Ronald Kinsella, 70, a lifelong South Country resident, voiced support for the budget.
"If we don't pass the budget, it fails and now we'll have an educational system that's falling apart," he said.
Dilemma follows failed vote
Any districts failing to muster required majorities Tuesday face unenviable choices: Put up the same budgets in June and risk voter rebuffs and tax freezes, or cut proposed spending and students services -- and hope a reduced spending plan draws enough public support to pass in the re-vote.
To avoid such scenarios, some districts are emphasizing the need to get budgets approved in the first round.
"First vote counts -- one and done," said Charles Cardillo, the Manhasset schools chief, repeating a theme used often by his district this season.
Manhasset's proposed $89.2-million budget would raise taxes 5.98 percent, which is beyond its 0.15 percent cap.
Rising costs in Manhasset, as in other districts, are largely in the area of state-managed pensions. Local school officials contend they have little control over such expenses, and public reaction at budget hearings has been largely muted.
Still, there have been flashes of irritation.
At a May 8 budget hearing in Baldwin, district officials had barely launched into an explanation of their $121.5-million spending plan when they began getting questions from some of the 50-plus residents packed into a small board room.
Baldwin's budget would raise taxes 7 percent, well beyond its 3.14 percent cap.
One resident, Fred Wilmer, wanted to know why district officials started the discussion by describing their budget increase as $1.58 a day for the average homeowner, rather than providing a larger annual figure, which was $575.
"This is like a snow job," said Wilmer, 73, a retired backhoe operator.
Some residents supported the district's position, noting that "no" votes could result in elimination of popular programs. But there were disapproving murmurs from the audience when officials confirmed that their long-range financial plan envisions three annual 6-percent tax hikes, on top of next year's 7 percent.
Baldwin has maintained that it needs to rebuild cash reserves after drawing down on those funds in the past.
"That's really what it's going to take to get the district back on track," Superintendent James Mapes said.
Bay Shore also has seen sharp exchanges. The district's $143.6-million budget would raise taxes 6.37 percent, contrasted with a 3.17 percent cap.
At a May 13 hearing, Maureen Virsinger, assistant superintendent for business, defended the budget in front of an audience of about 100 residents as an effort "to sustain as much as possible the programs that we have."
But Jenn Vignola, 53, declared she opposes any hike.
"We shouldn't be saying how much can [taxes] increase, it should be how much can we lower it," Vignola said.
WHY THE TAX CAP LIMIT CAN BE EXCEEDED
Long Island school districts are proposing tax hikes averaging 3.27 percent for the 2013-14 school year -- increases that have raised eyebrows at recent board meetings.
Why, some taxpayers have asked, should property-tax collections rise at this pace?

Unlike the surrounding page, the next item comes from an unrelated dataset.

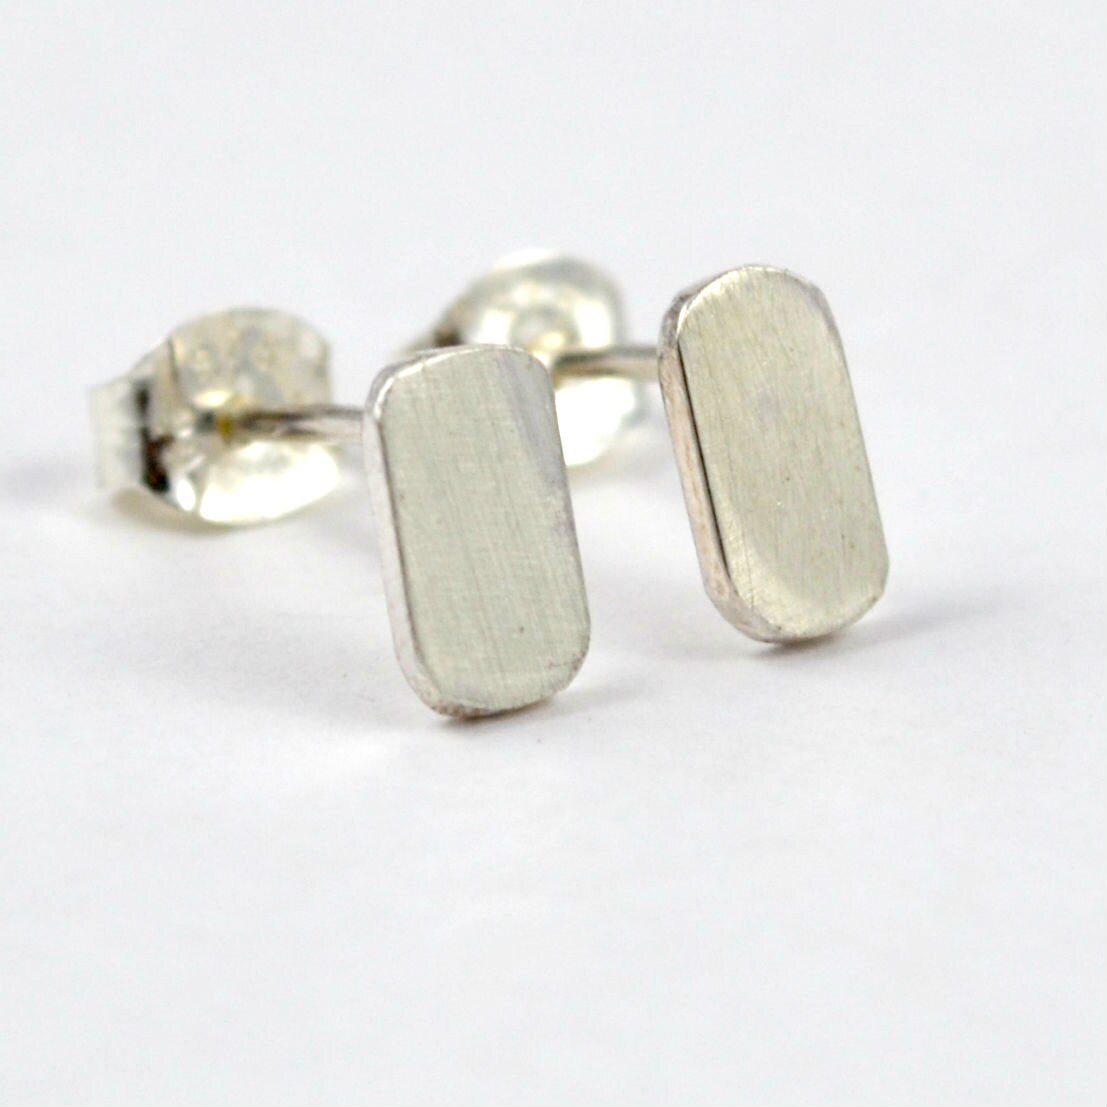 Flat Stud Earrings Sterling Silver Earring Posts Minimalist | Etsy
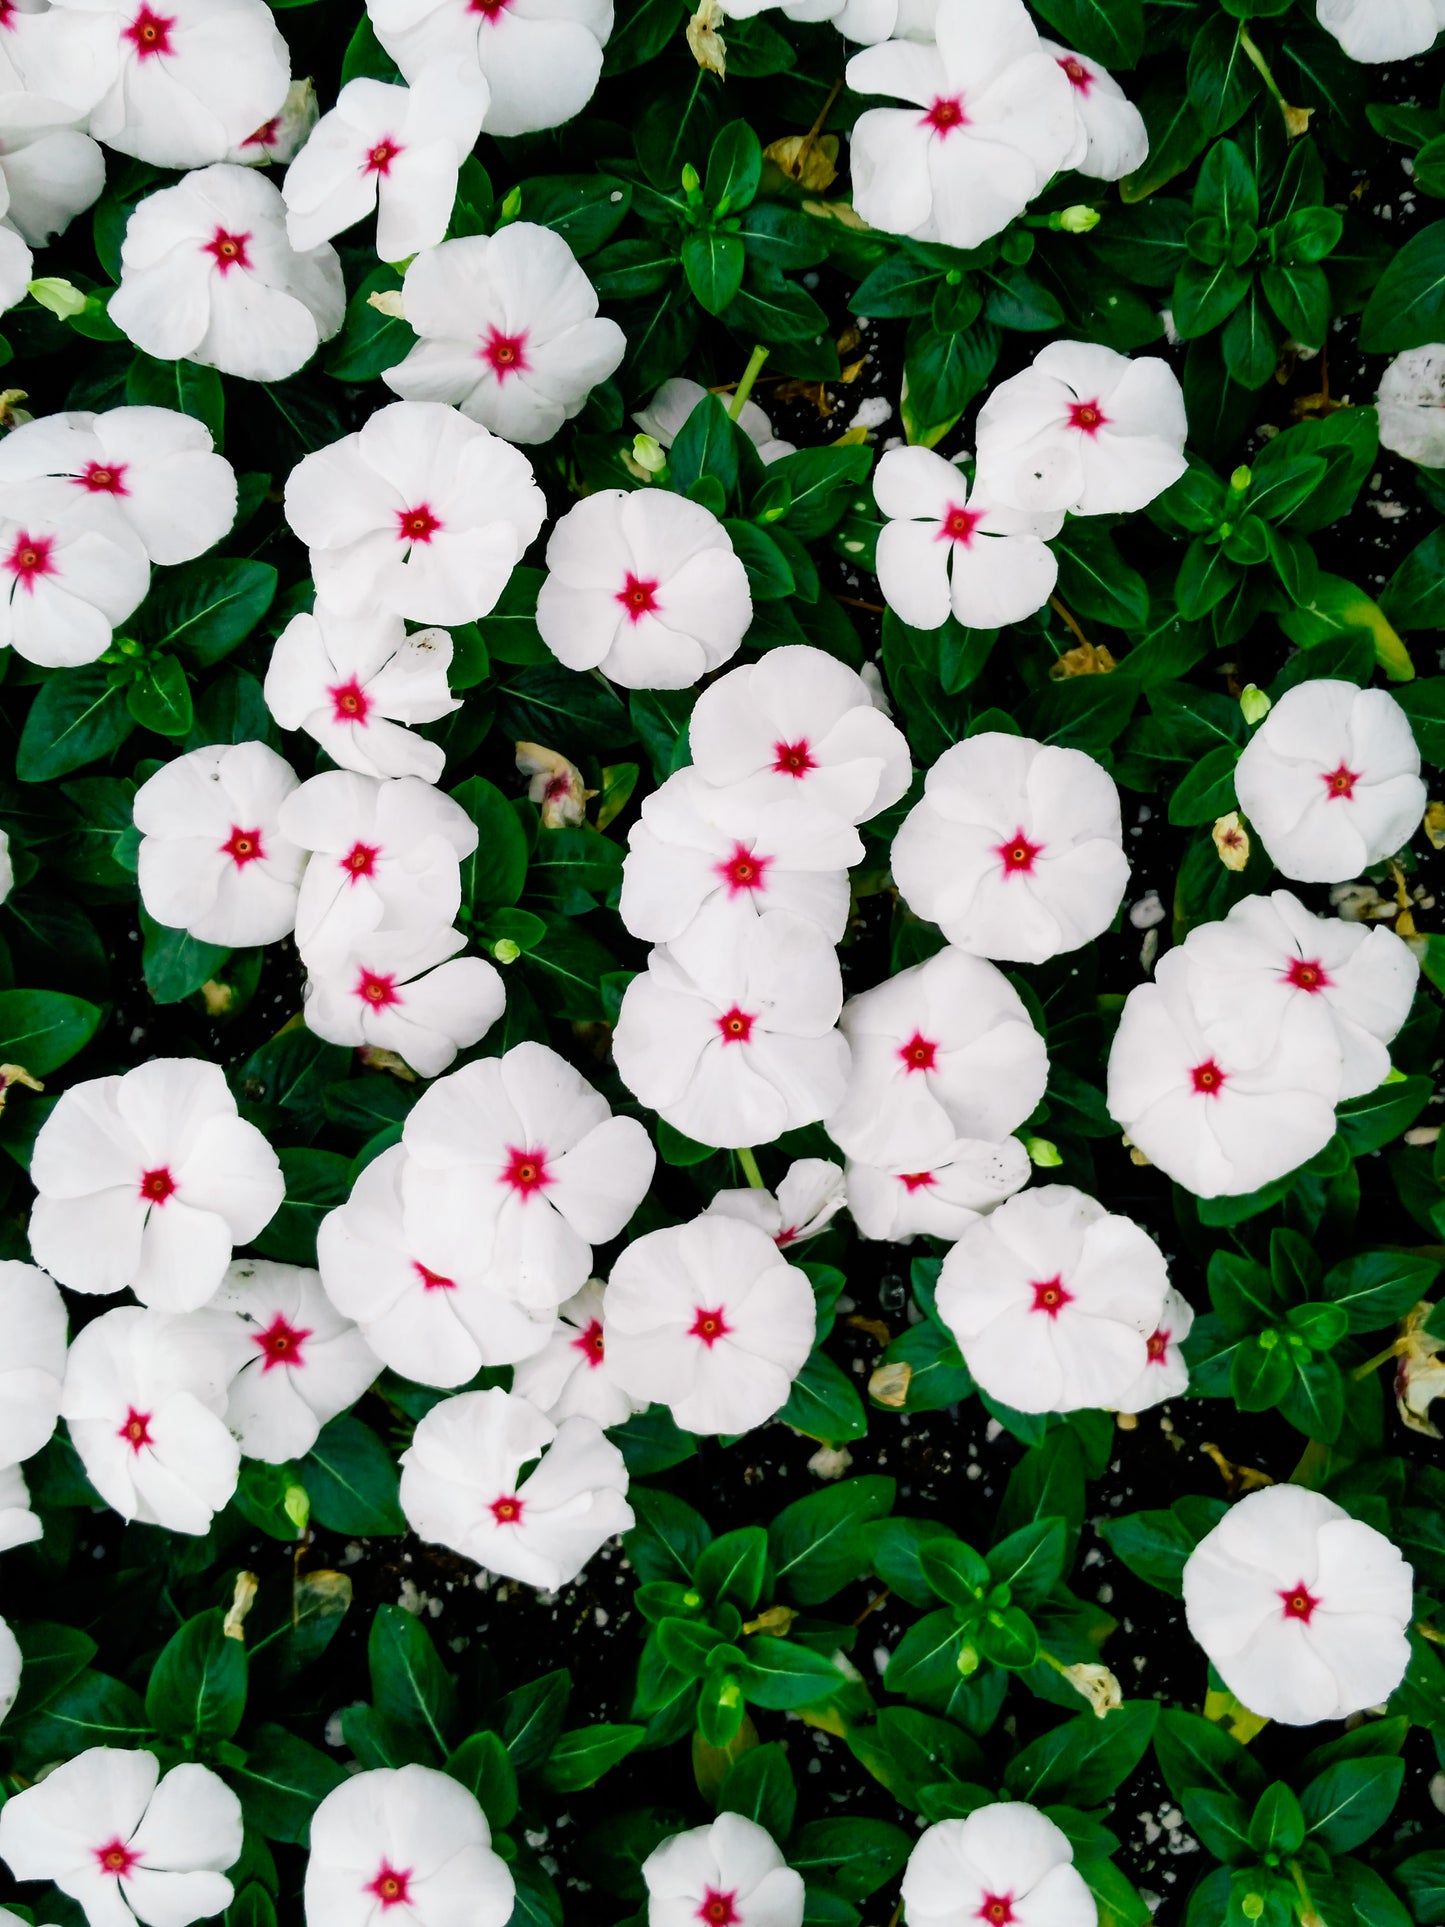 100 BRIGHT EYES PERIWINKLE Vinca Rosea Dwarf White & Pink Flower Seeds

Hasn't New York State clamped a 2 percent cap limit on such increases?
In fact, a statewide 2 percent cap has been in place for nearly two years now. But cap limits for individual districts may be either higher or lower than that, depending on the circumstances.
For example, certain school costs are excluded from the basic 2 percent limit, Albany's rationale being that this makes the entire system more equitable.
Among excluded costs are any large increases in district contributions to a state pension fund for teachers and other professionals. In the coming school year, contributions will rise from 11.84 percent of payroll to 16.25 percent of payroll.
That mandatory contribution will be the biggest single driver of school costs next year, and most of it is excluded from the basic 2 percent cap.
In effect, that means that cap limits for individual districts have been adjusted upward for next year, allowing them to raise tax revenue to pay for pensions without taking money away from other school priorities.